Miguel Beleza, preso preventivamente por alegado envolvimento numa rede de tráfico de droga, vai tentar fazer – a partir do Estabelecimento Prisional de Lisboa – alguns exames do terceiro ano do curso de Informática de Gestão, que frequenta.
5 de Julho de 2004 às 00:00
Miguel Beleza Tavares, filho de Leonor Beleza, vice-presidente da Assembleia da República, está já com forças para voltar a estudar enquanto aguarda o desenvolvimento do processo que envolve outros 32 arguidos, afiançou ao Correio do Manhã Hernâni Lacerda, advogado do jovem de 25 anos de idade.
“A vida na cadeia é monótona, mas sinto que o Miguel já ganhou força”, garantiu o causídico.
Numa cela individual e com horários especiais, Miguel Beleza tem consigo algumas revistas que vai pedindo aos familiares e aos advogados que o visitam com bastante frequência.
No entanto, explicou Hernâni Lacerda, tem também alguns livros do curso superior que frequenta e no qual, contou o advogado, vai acabar por ficar atrasado pelas condições psicológicas a que está sujeito no Estabelecimento Prisional de Lisboa.
O advogado do jovem de 25 anos já fez saber o interesse do seu cliente em adiantar “pelo menos algumas cadeiras” e acredita que essa será uma hipótese facilitada pela própria prisão, cujo “objectivo máximo é a reinserção social dos reclusos”.
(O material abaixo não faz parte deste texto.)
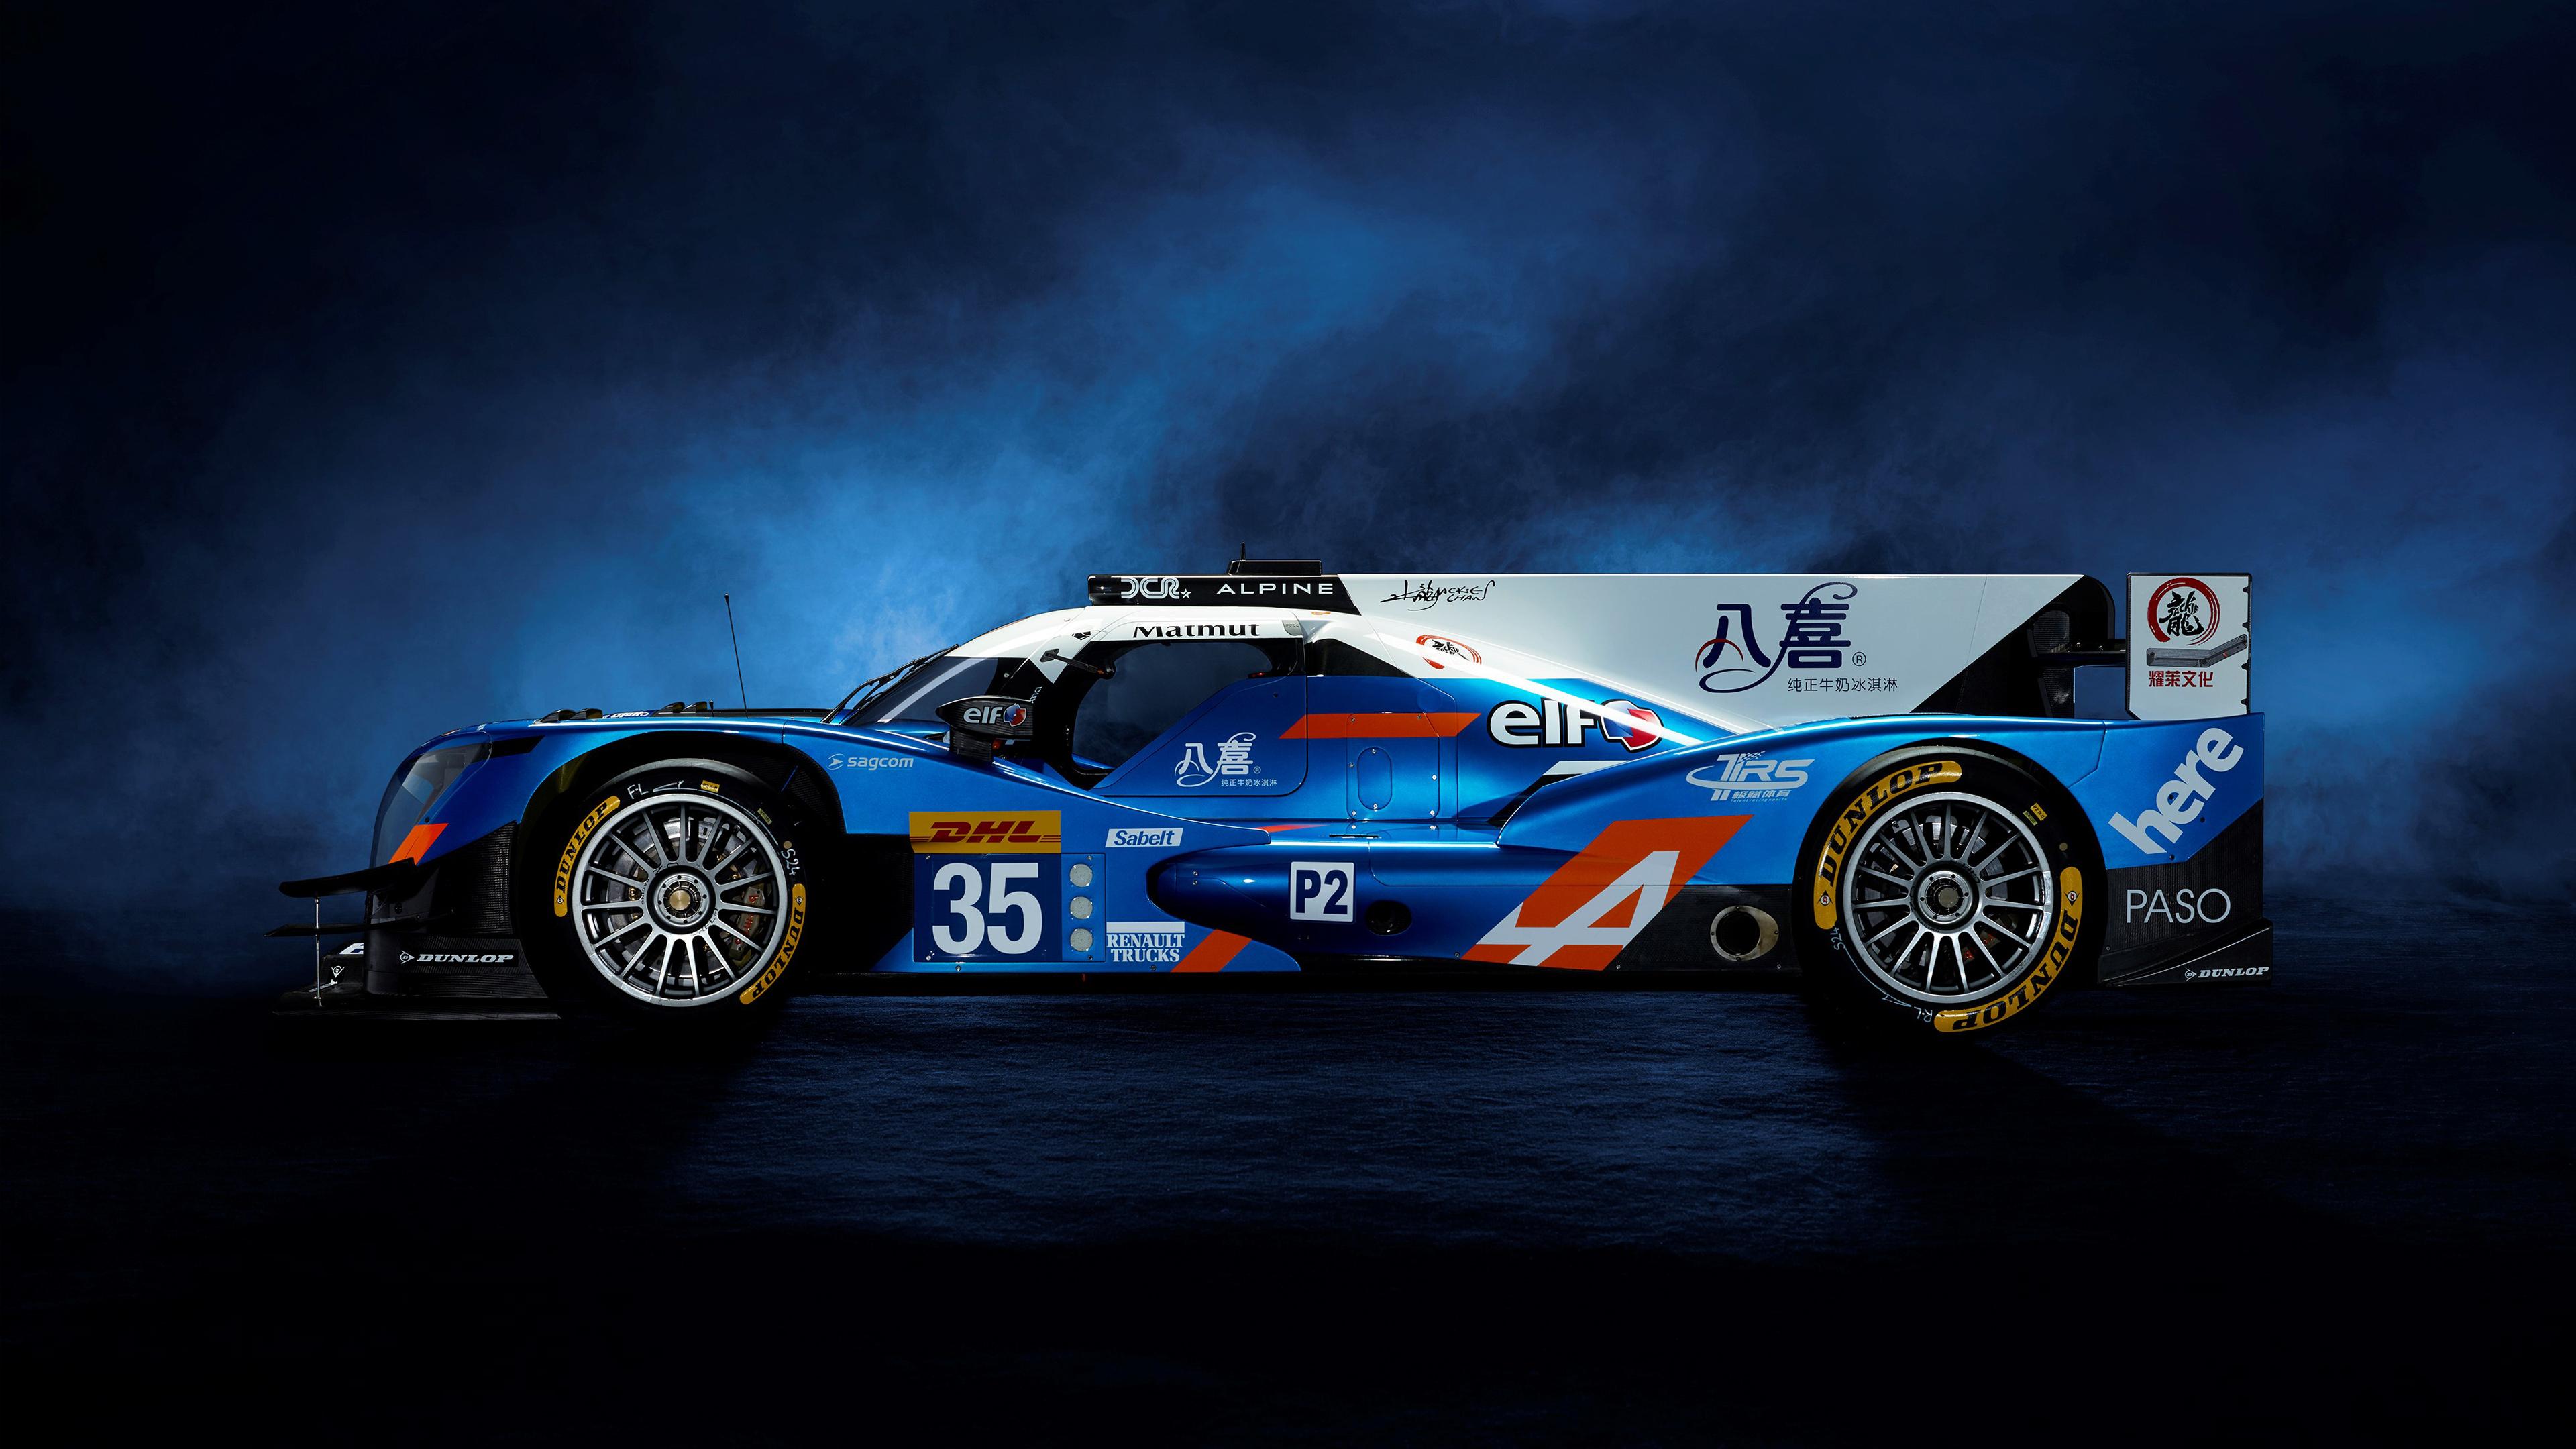 Alpine A460 Race Car 4k Wallpaper Hd Car Wallpapers Id 7230
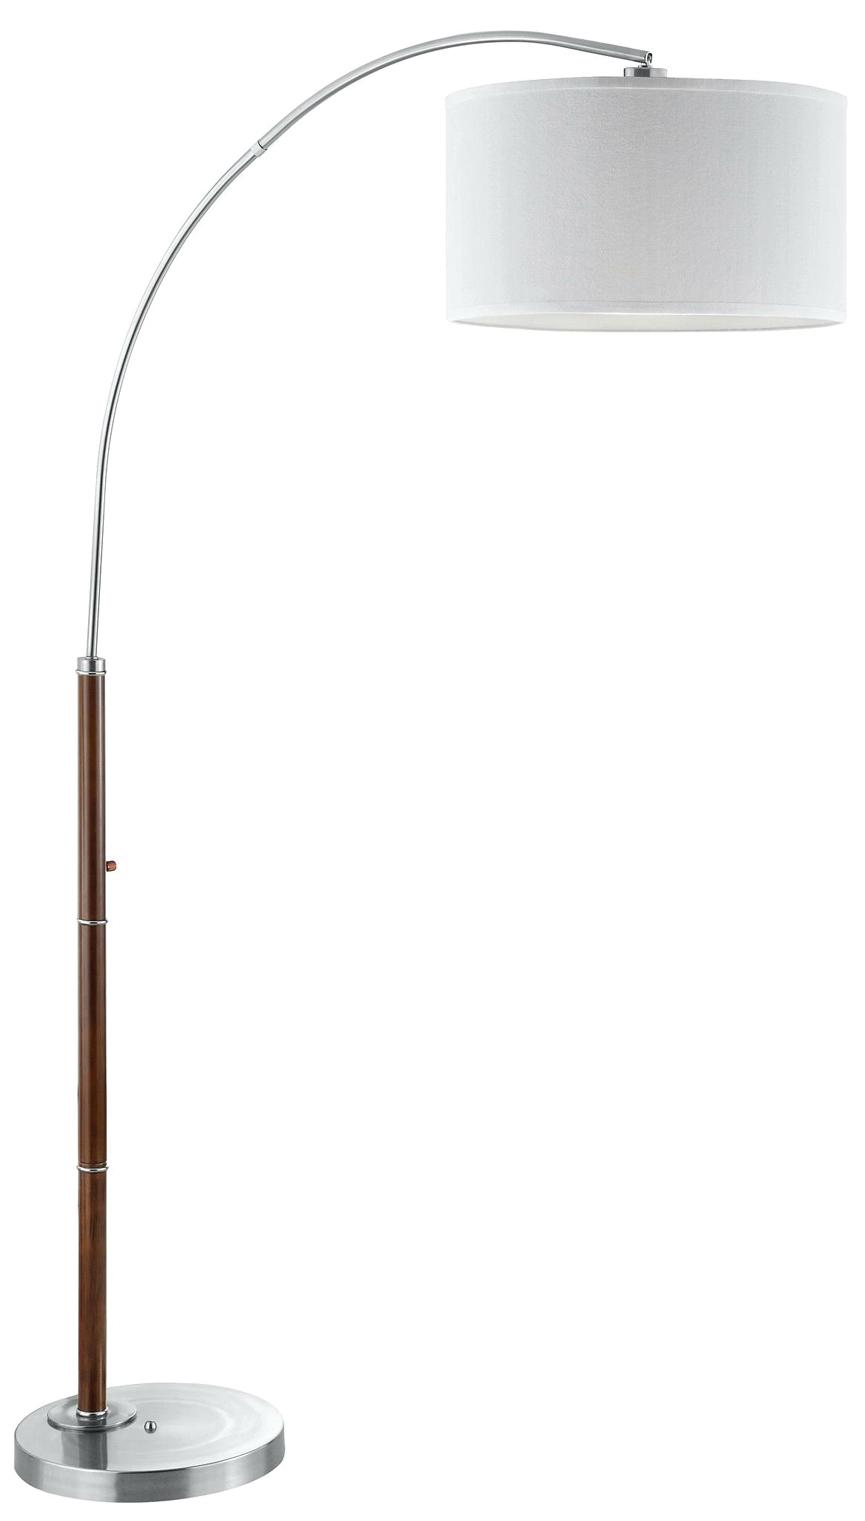 opcion-2-lamp

Hernâni Lacerda sublinhou ainda que o seu cliente “consome apenas haxixe” e que tal “não dá dependência física”, por isso ele não tem tido dificuldades em “concentrar-se e a ganhar forças”.
Outra das paixões de Miguel Beleza é a ginástica e esta actividade tem sido a sua principal distracção. “Já em casa ele tem uma série de máquinas de exercício e na prisão passa a maior parte do tempo a fazer ginástica”, prosseguiu Hernâni Lacerda.
O advogado disse ao nosso jornal que esta semana já vai entregar o recurso da medida de coacção, aplicada a Miguel Beleza pelo Tribunal de Instrução Criminal de Lisboa após a sua detenção por suposta ligação a uma rede de tráfico de haxixe.
'PARTY' APANHOU HAXIXE
O tráfico de droga na área da Grande Lisboa levou um rude golpe quando, no passado mês de Junho, os elementos da 3.ª esquadra da Divisão de Investigação Criminal da PSP de Lisboa desmantelaram uma alegada rede de tráfico de haxixe e outras drogas, como ecstasy e LSD. Da ‘Operação Party’ resultou a detenção de 33 pessoas, entre os 17 e os 57 anos, e a apreensão de noventa quilos de haxixe, que viajavam dessimulados num jipe que vinha do Algarve para Lisboa. Depois de presentes ao Tribunal de Instrução Criminal de Lisboa, nove suspeitos ficaram em prisão preventiva, entre os quais Miguel Beleza (encontrado com 16 gramas de haxixe), e aos restantes arguidos foi-lhes aplicada a medida de coacção de termo de Identidade e Residência.